Brother K has written an article about the reverse direction of Baidu translation before, and has also published a corresponding video on bilibili. Recently, a group of friends in Brother K’s reptile exchange group proposed that Baidu translation added a request header parameter Acs-Token, If you do not carry this parameter, and process it directly according to the previous method, an error of 1022 will appear, and if you directly write the Acs-Token as a fixed value, the first few times may be successful, and the same error will be reported after multiple queries. It performs reverse analysis and refactors the previous code. At the same time, Brother K found that some interfaces of Baidu Index have a Cipher-Text parameter, which is similar to the encryption method of Baidu Translate's Acs-Token, so let's analyze it together.
statement
All content in this article is only for learning and communication, not for any other purpose, and does not provide complete code. The content of captured packets, sensitive URLs, data interfaces, etc. have been desensitized. Commercial and illegal uses are strictly prohibited. All consequences of this have nothing to do with the author!
The author is not responsible for any accident caused by unauthorized use of the technology explained in this article. If there is any infringement, please contact the author on the official account [K Brother Crawler] to delete it immediately !
reverse goal
- Goal: Baidu Translate latest request header parameter Acs-Token, Baidu Index request header Cipher-Text
- Homepage: https://fanyi.baidu.com/
- Interface: https://fanyi.baidu.com/v2transapi
- The reverse method of the sign and token parameters will not be repeated in this article. If you want to know more, you can read the articles on the reverse of Baidu translation by Brother K in the past.
reverse process
Packet capture analysis
Let’s take Baidu translation as an example. Just enter the text, and you can see that the translation result comes out without refreshing the page. From this, you can infer that it was loaded by Ajax. Open the developer tool, select XHR to filter the Ajax request, find the interface location, and analyze it in detail. It is recommended to read K's previous articles on Baidu translation reverse. As shown in the figure below, an Acs-Token parameter has been added to the request header. The first two strings of numbers look like timestamps. The specific encryption method requires us to further analyze:
Here, the Fiddler plug-in hook is used to locate the Acs-Token parameter. For the related hook operation method, you can read the previous articles of Brother K. This article will not repeat them:
(function () {
var org = window.XMLHttpRequest.prototype.setRequestHeader;
window.XMLHttpRequest.prototype.setRequestHeader = function (key, value) {
console.log(key, ':', value)
if (key == 'Acs-Token') {
debugger;
}
return org.apply(this, arguments);
};
})();
Clear the cache, click translate, you can see the successful hook to the Acs-Token parameter, follow the stack down to find the location where its value is generated:
reverse analysis
Going down the stack analysis, the value of the Acs-Token parameter is generated in line 187 of the translate.js
file, passed by the sign parameter, the sign parameter is defined in line 180, and the breakpoint is debugged on line 195, click After the translation, it is successfully broken at the breakpoint:
Follow up getAcsSign()
function, select it as a whole, click to enter the paris.js
file, you can see that an asynchronous Promise object is created in the function body to perform asynchronous operations:
The constructor of Promise accepts a function parameter, and this function needs to pass in two parameters:
-
resolve
: the callback function after the asynchronous operation is successfully executed; -
reject
: The callback function after the asynchronous operation fails.

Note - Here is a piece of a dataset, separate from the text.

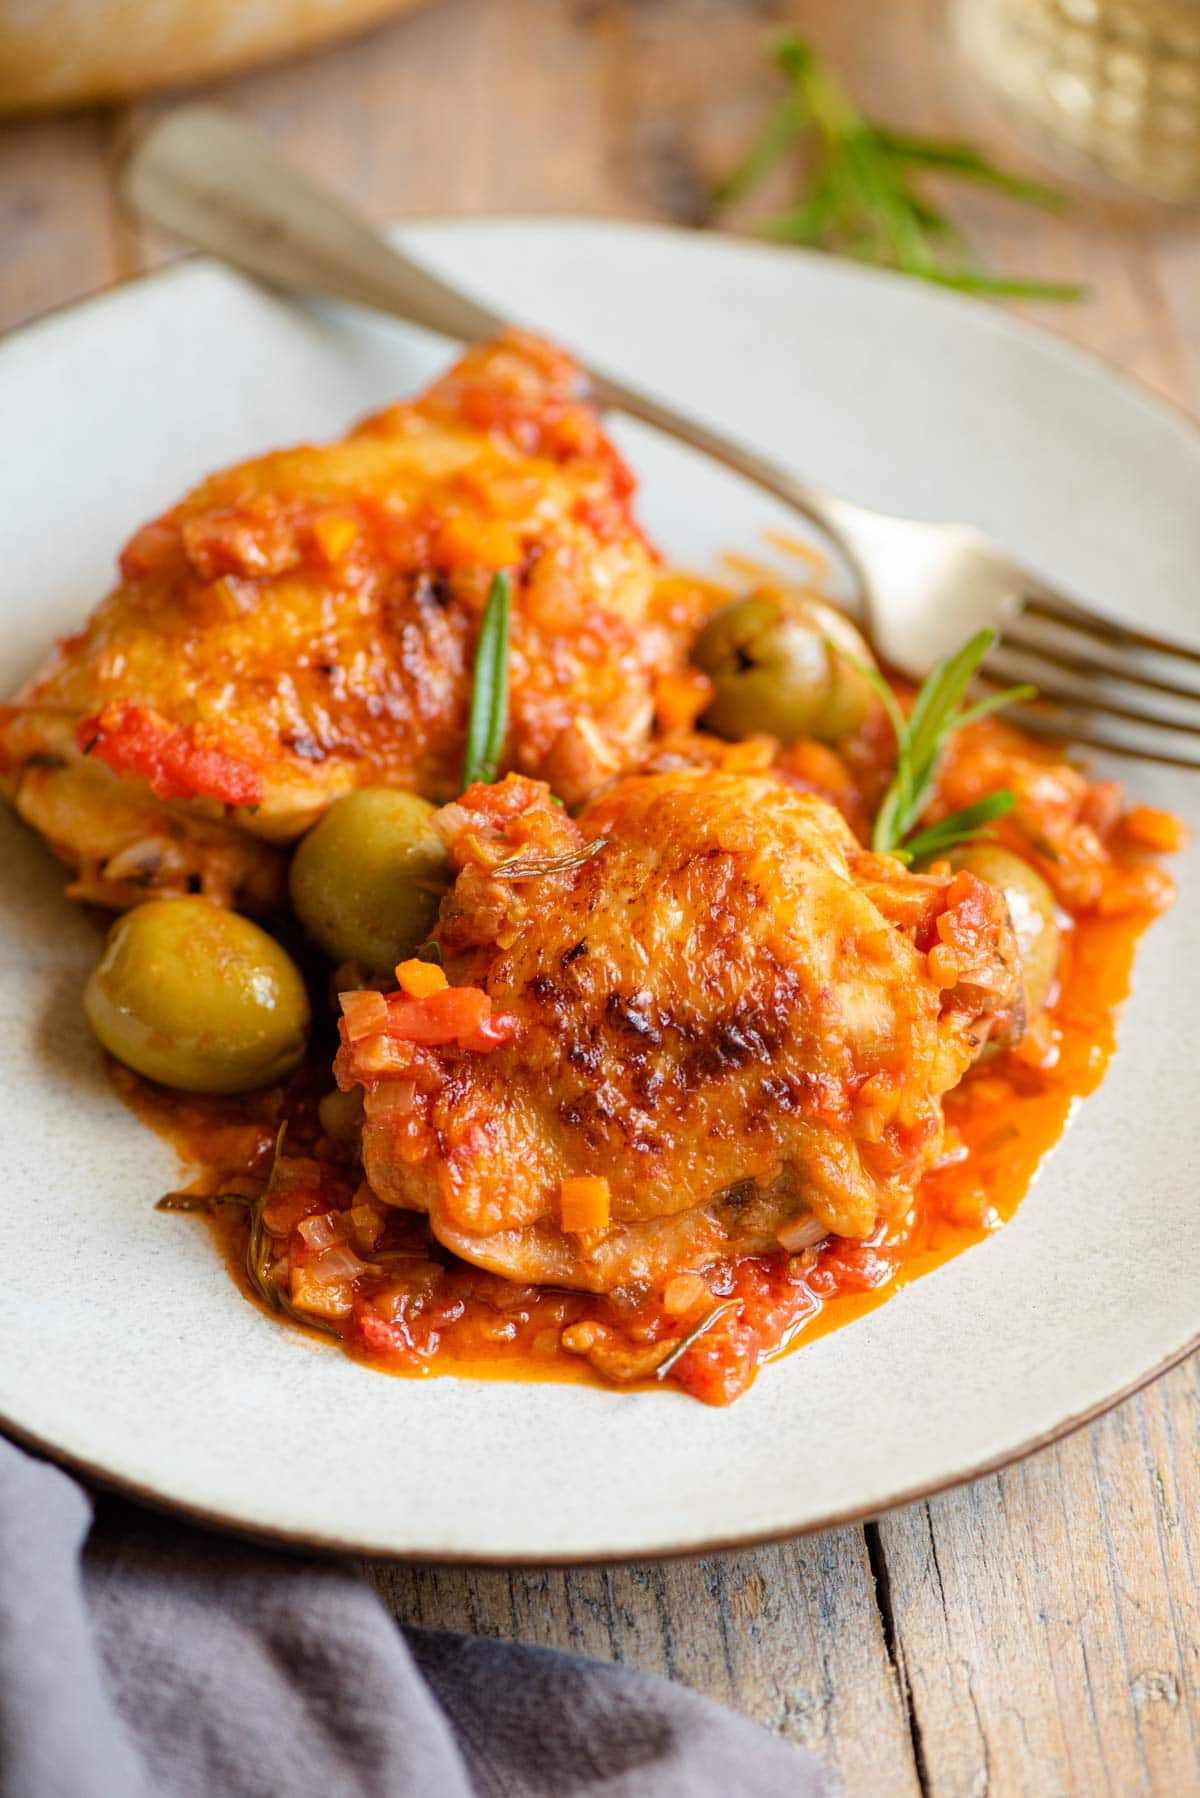 Two chicken thighs on a plate with a tomato and vegetable sauce and olives

So the successful execution of the asynchronous operation returns the value of the sign parameter:
Now that the sign has been obtained, we follow the stack up again, and we can find that the value of the Acs-Token parameter is generated at line 805 of the acs-2060.js
file, which is obviously spliced:
The above picture shows the broken situation during the analysis a few days ago. When we analyze it again today, we found that the structure has changed, as shown in the following picture:
Where did this acs-2060.js
come from? In paris.js
, you can actually see that init initializes some configuration files, the acsUrl is the address of acs-2060.js
, 2060 is the channel number, assigned by the administrator, you can see according to the comments This thing is called "Yumenguan".
Continue the previous steps, analyze acs-2060.js
, break the debugging at line 805, analyze the meaning of each splicing part in a8()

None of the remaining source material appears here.